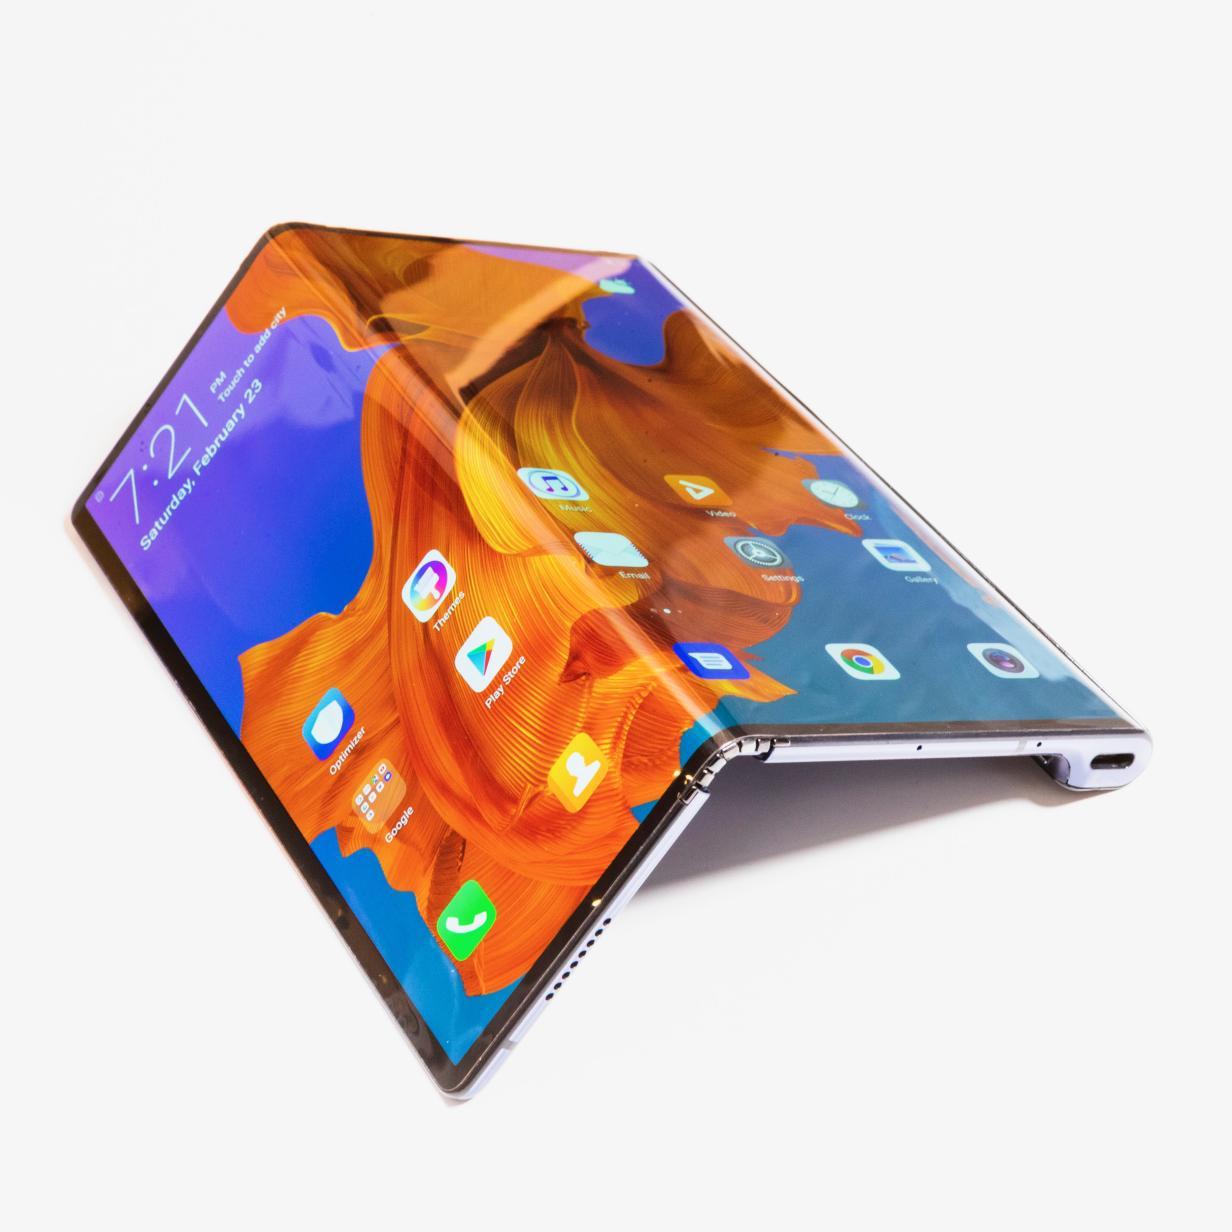 Huawei verschiebt erneut das Falt-Smartphone Mate X
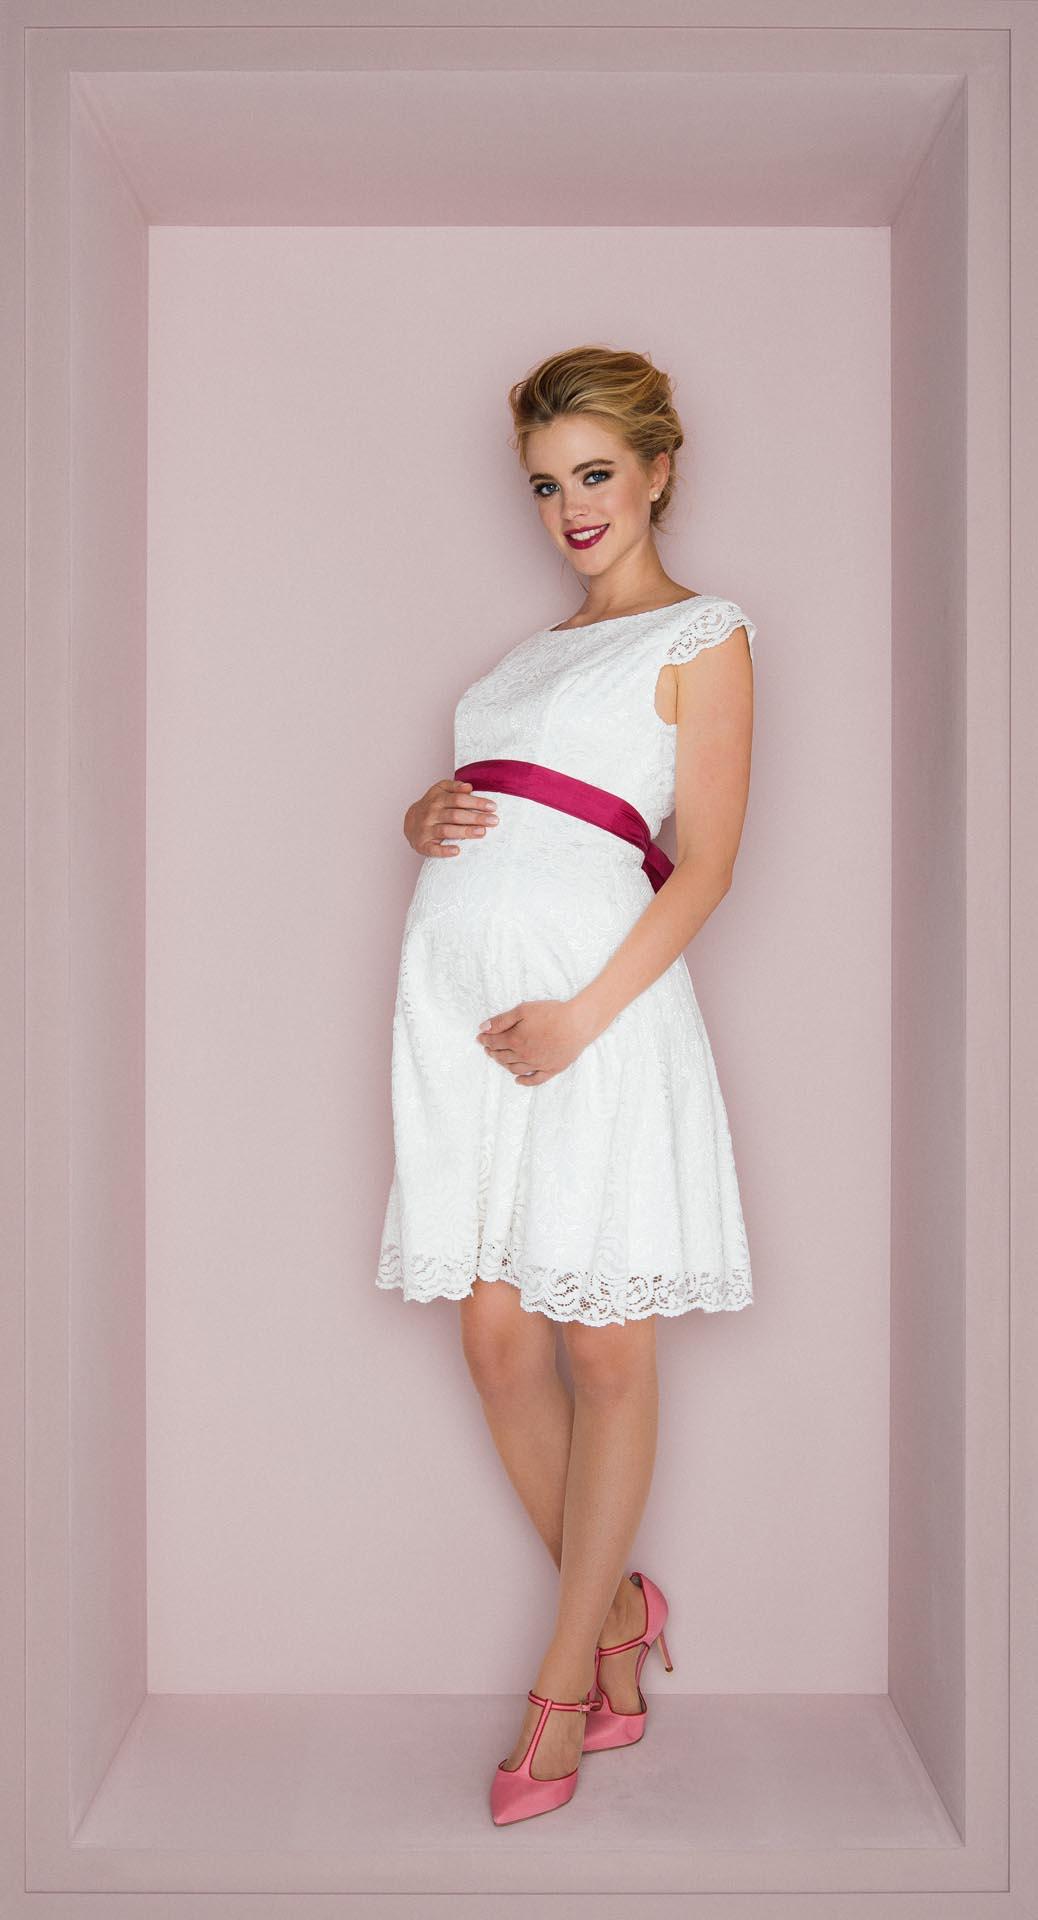 Schwanger heiraten: Schöne Brautkleider für die Schwangerschaft
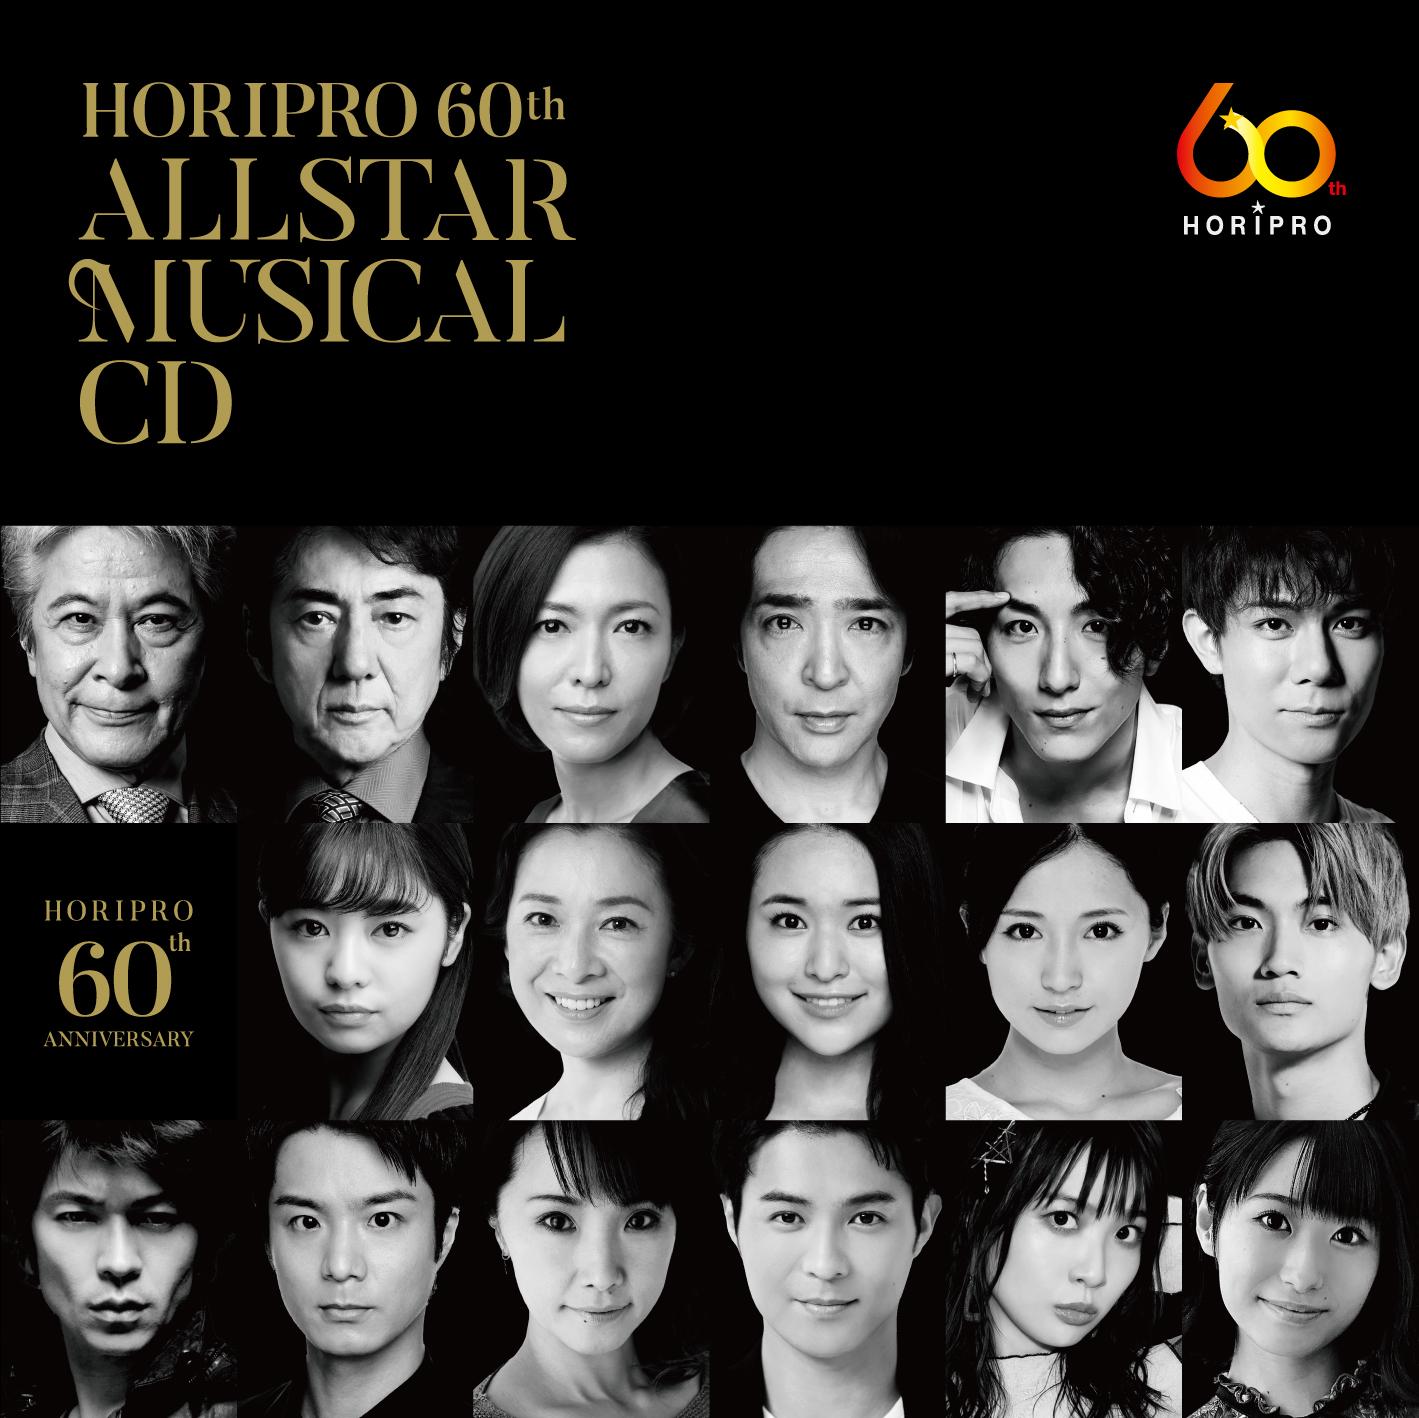 ホリプロオンラインショップ - HORIPRO ONLINE SHOP / ホリプロ60周年 ...
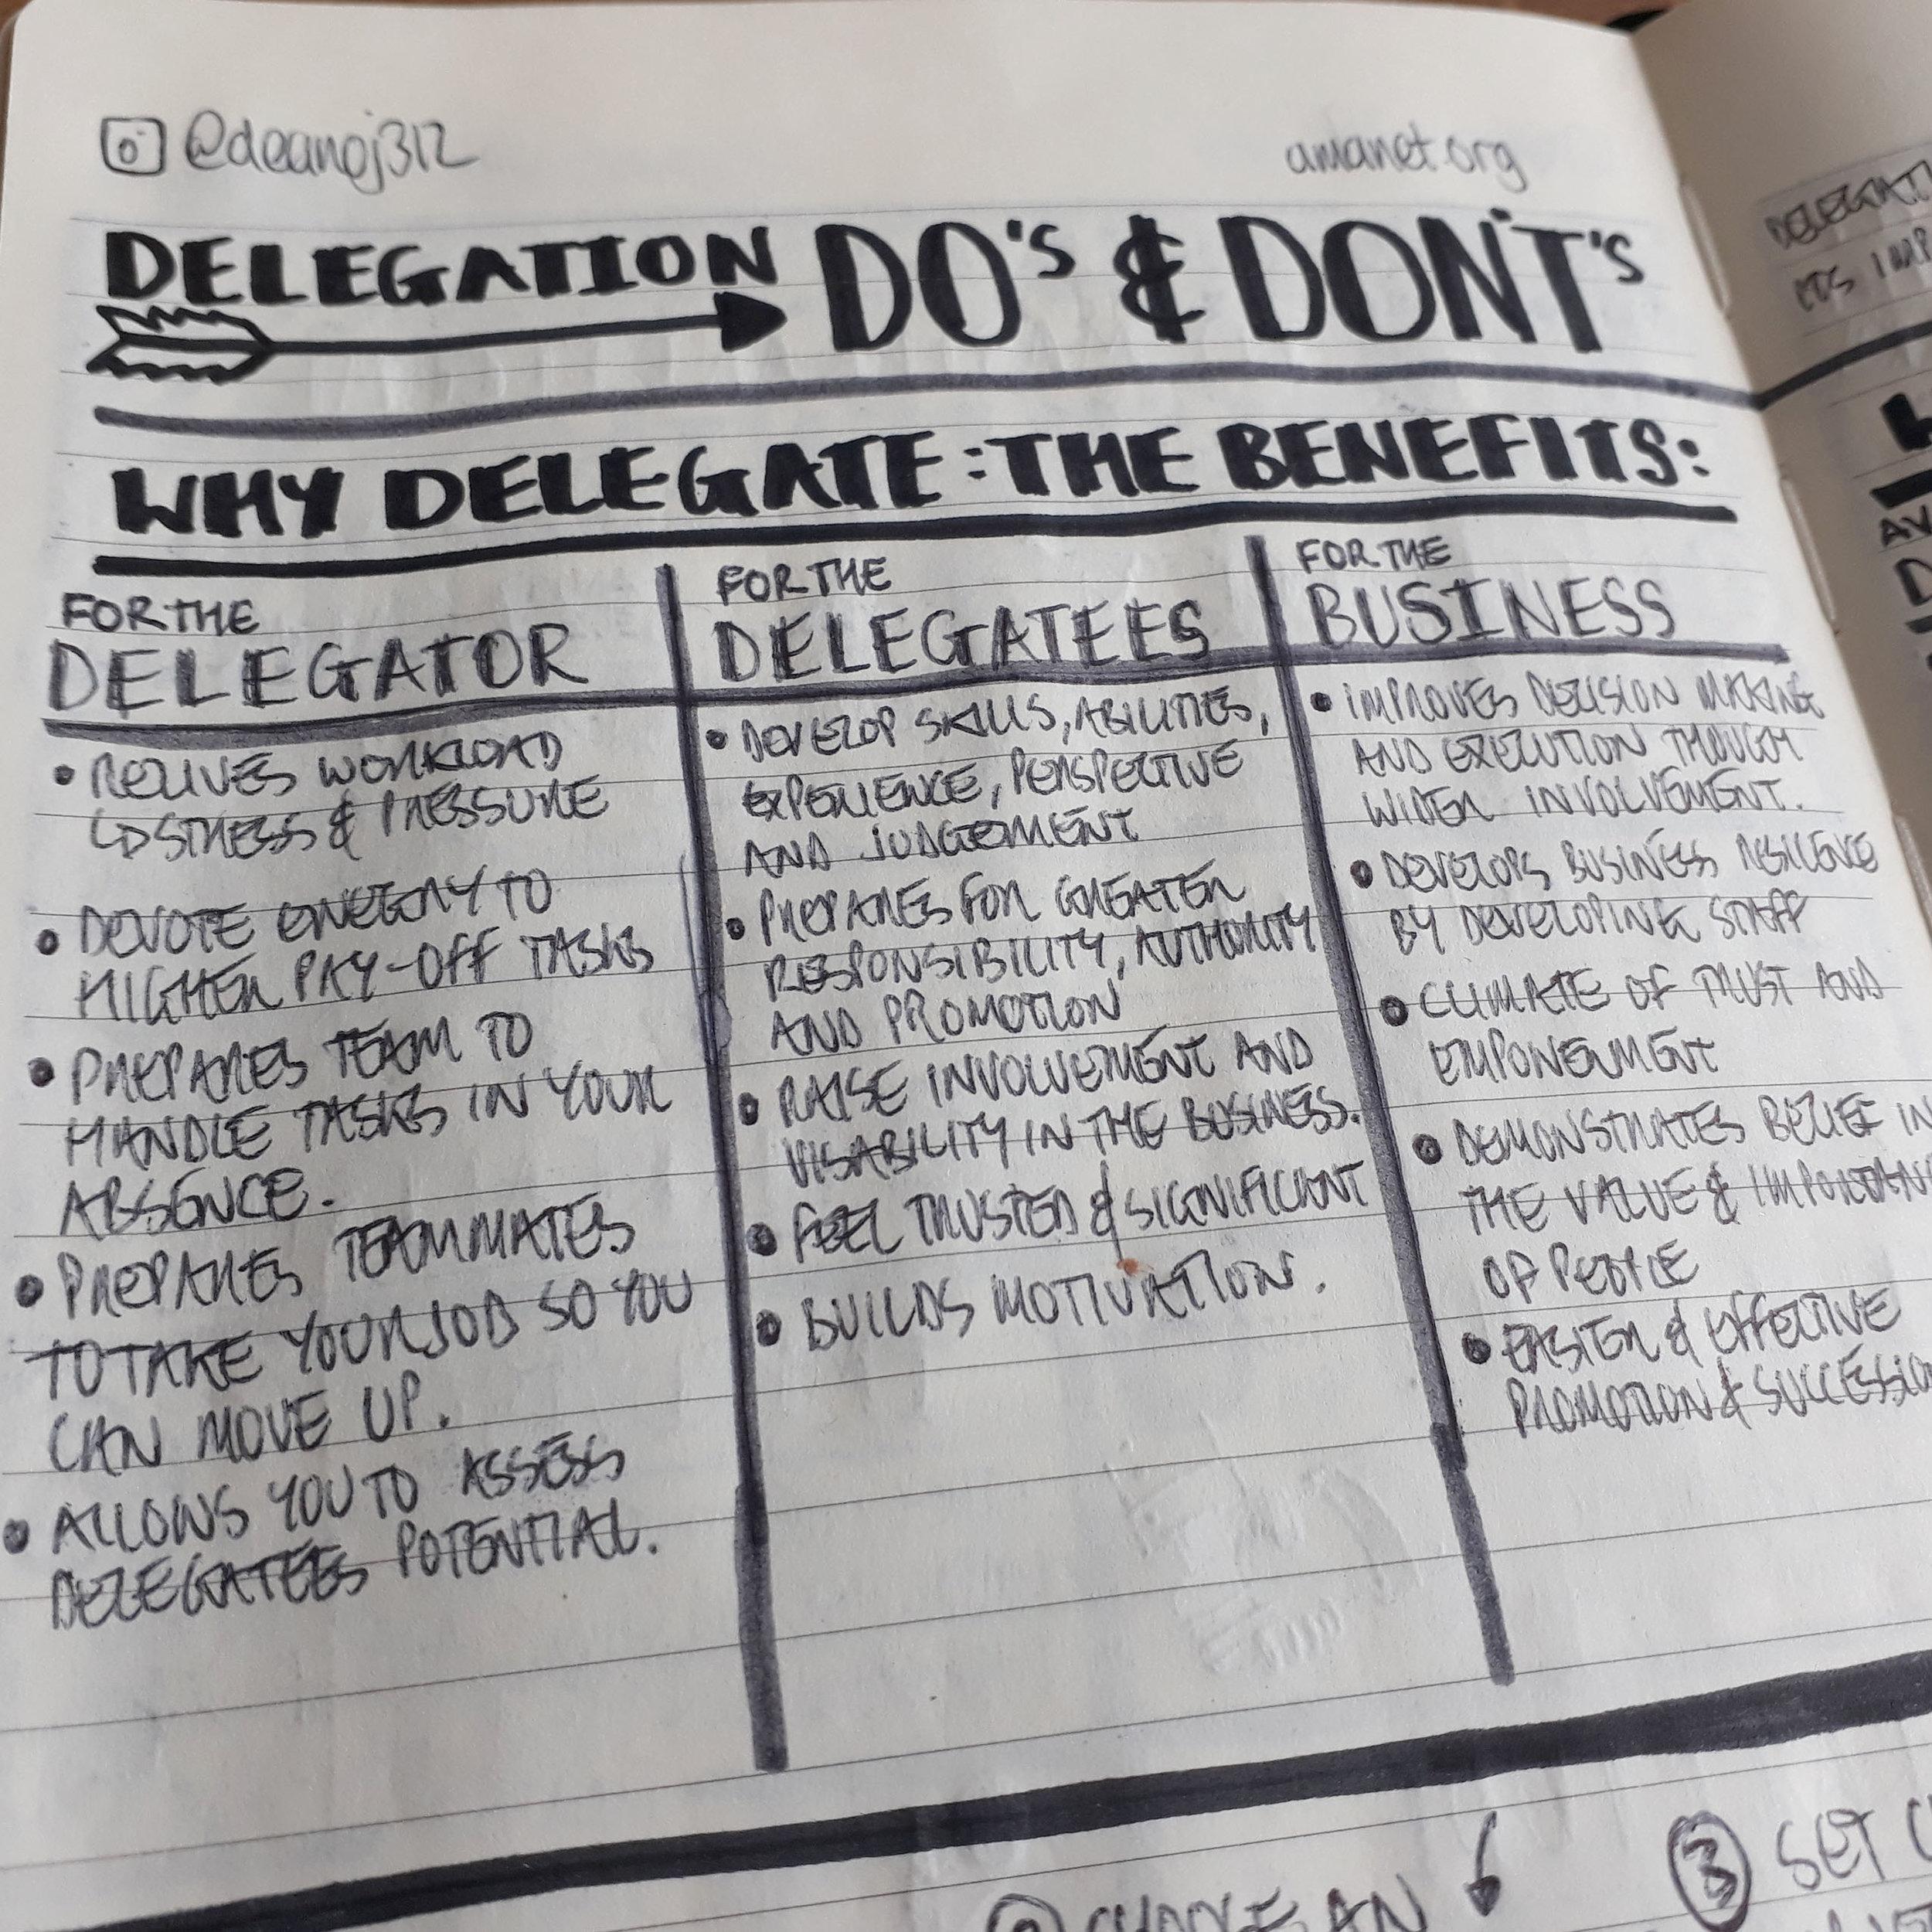 DelegationDos-Donts2.jpg

Your assignment:
Leaving the pictures out, print every line of the listing exactly.

Result of this exercise:
 Huawei verschiebt erneut das Falt-Smartphone Mate X
 Schwanger heiraten: Schöne Brautkleider für die Schwangerschaft
 ホリプロオンラインショップ - HORIPRO ONLINE SHOP / ホリプロ60周年 ...
 DelegationDos-Donts2.jpg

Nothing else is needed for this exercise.